How Mobility Improves Breathing and Cycling Performance

Upper-body mobility will make you stronger - and happier - on the bike and off it - here are three simple exercises to maximise it.


By Karla Walsh |

When you think about the best ways to optimise performance, you probably imagine performing exercises to boost endurance or quad strength, staying hydrated, eating more of the best foods for recovery and maybe investing in high-quality gear. But when was the last time you thought about something you do every day—something you’re doing right this moment—that is, breathing?

In the new book Built to Move: The Ten Essential Habits to Help You Move Freely and Live Fully, Kelly Starrett, D.P.T., and his wife and cofounder of The Ready State, Juliet Starrett, point out that most athletes overlook how they breathe. And that oversight could hinder performance. Tuning in and training for optimal oxygen intake might just be one crucial detail that can separate you from the pack, according to the Starretts.

“Cycling is an aerobic sport and looking at how effectively we can move air in and out will improve our enjoyment on the bike,” adds Kelly, also the coauthor of Becoming A Supple Leopard.

Ahead, learn more about what most people get wrong about breathing, how mobility improves breathing, and how that pays off in better biking.

What Happens When We Breathe During Rides

“Athletes understand that breathing can have a really important down-regulation effect, and certainly when we’re redlining, we’re very aware that there’s just not enough oxygen in the room, at any altitude.
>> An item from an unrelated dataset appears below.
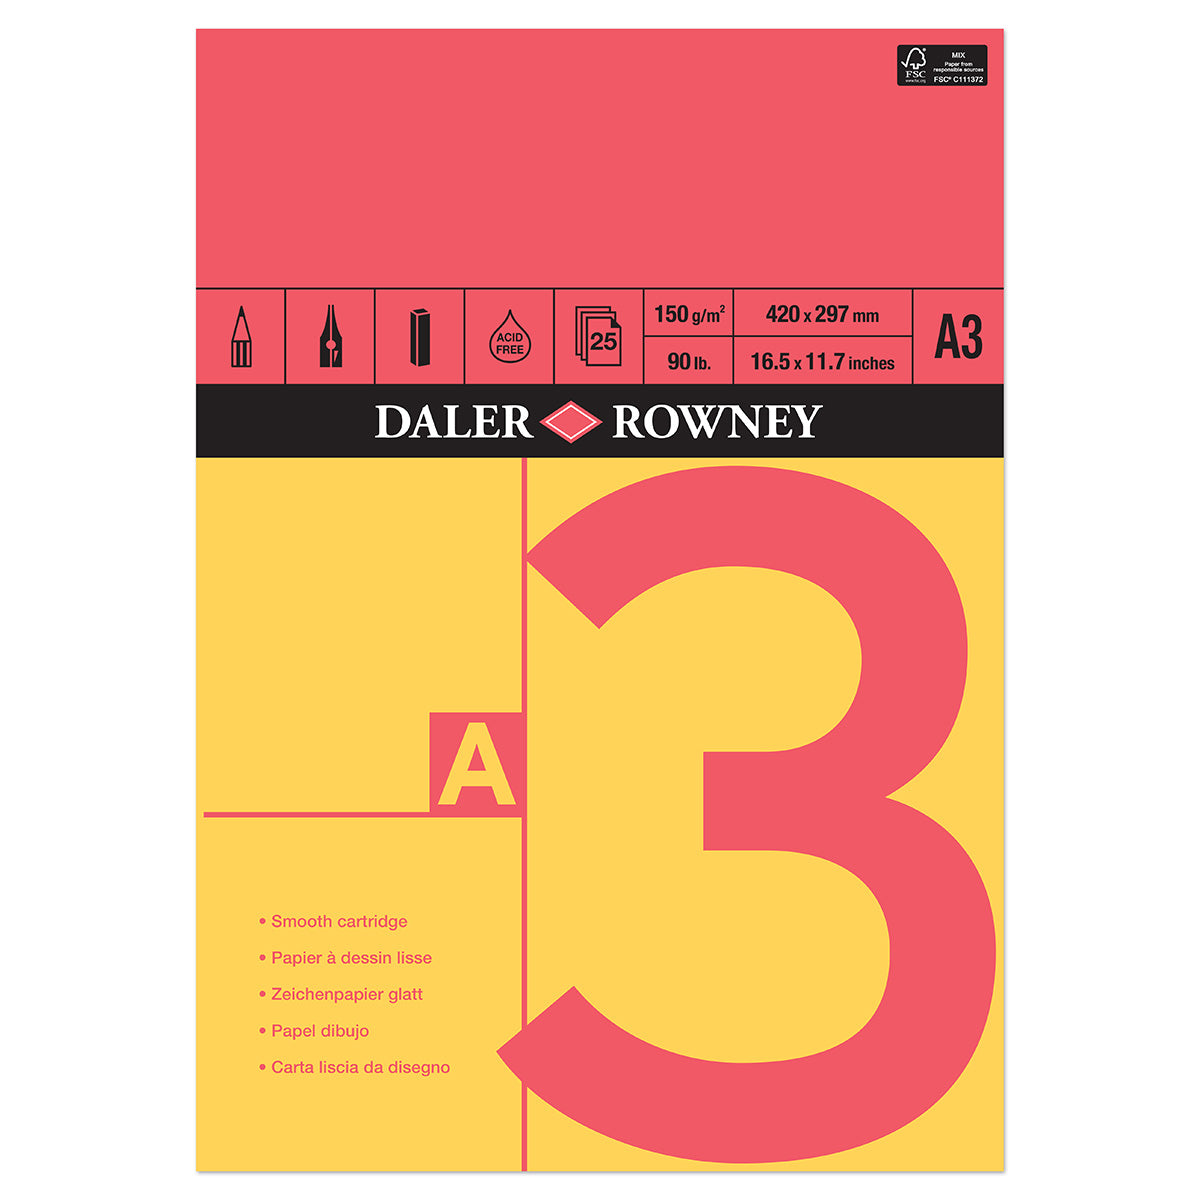 Daler Rowney - Blocco per schizzi a cartuccia gommata rossa e gialla - A3 - 150 g/m²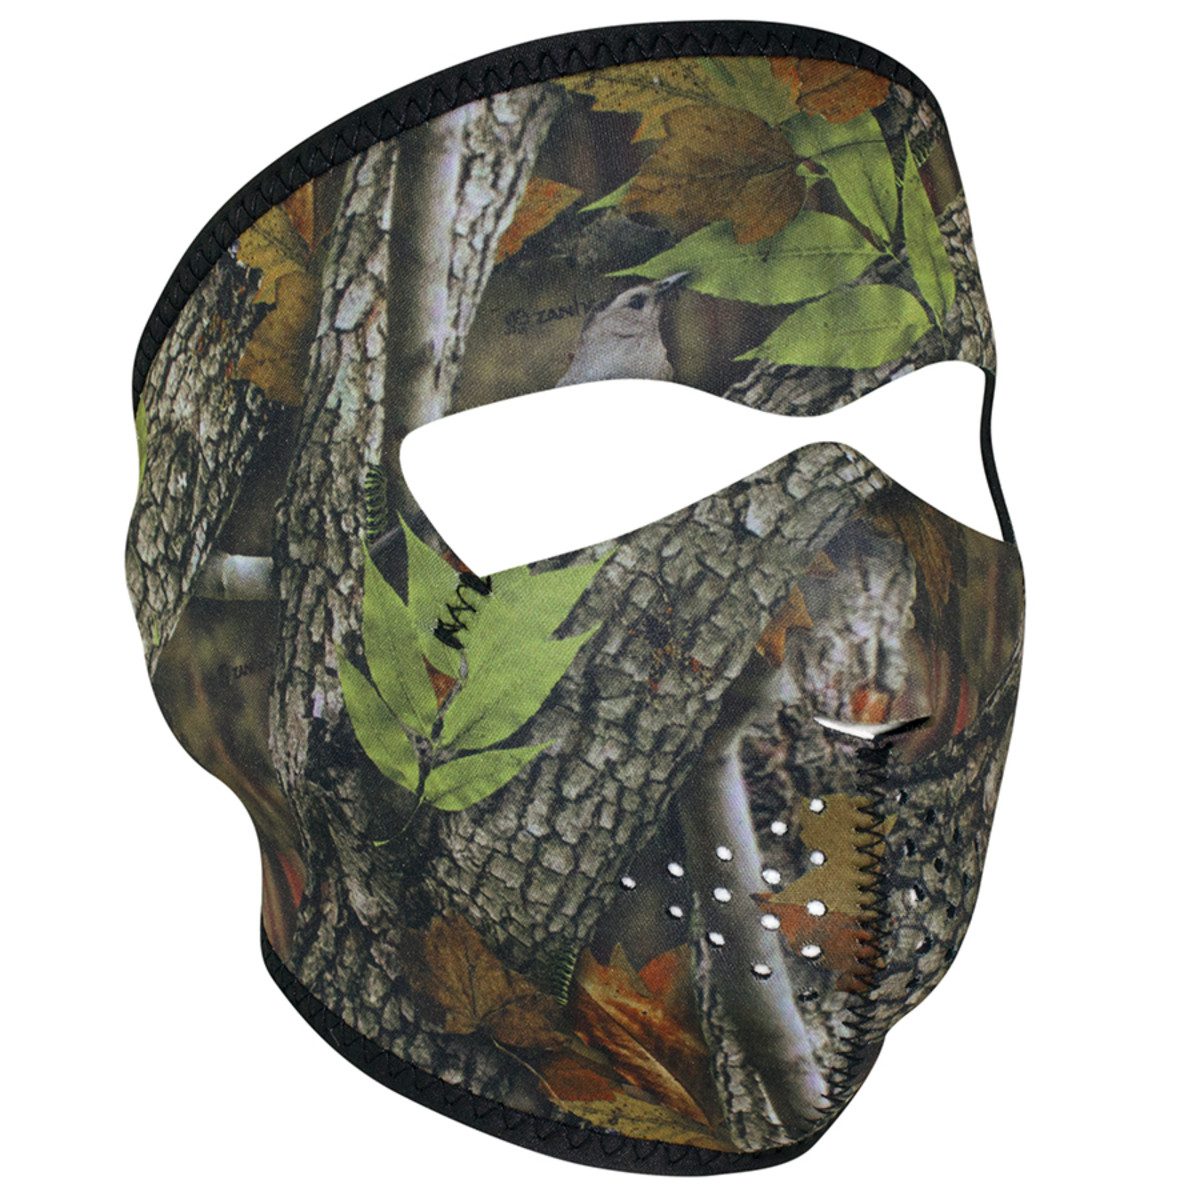 Zan Headgear Neoprene Full Face Mask - Forest Camo

But when we start to examine breathing efficiency and breathing mechanics, all of the sudden, a whole new world is open to us,” Kelly says.

As you inhale, air enters your lungs to help deliver oxygen from the air into your blood, according to the National Institutes of Health (NIH). From there, the oxygen reaches cells and is used by the mitochondria within them to produce energy. A by-product of that energy creation is carbon dioxide. So with each exhale, carbon dioxide transfers from the blood to the lungs, and this gas waste is eliminated from the body.

In a perfect world, each inhale you take results in an expansion around the entire torso. Your diaphragm should move. Your ribs should move. Your upper back should be able to expand when you’re under peak ventilation (a.k.a. when you’ve taken a full inhale).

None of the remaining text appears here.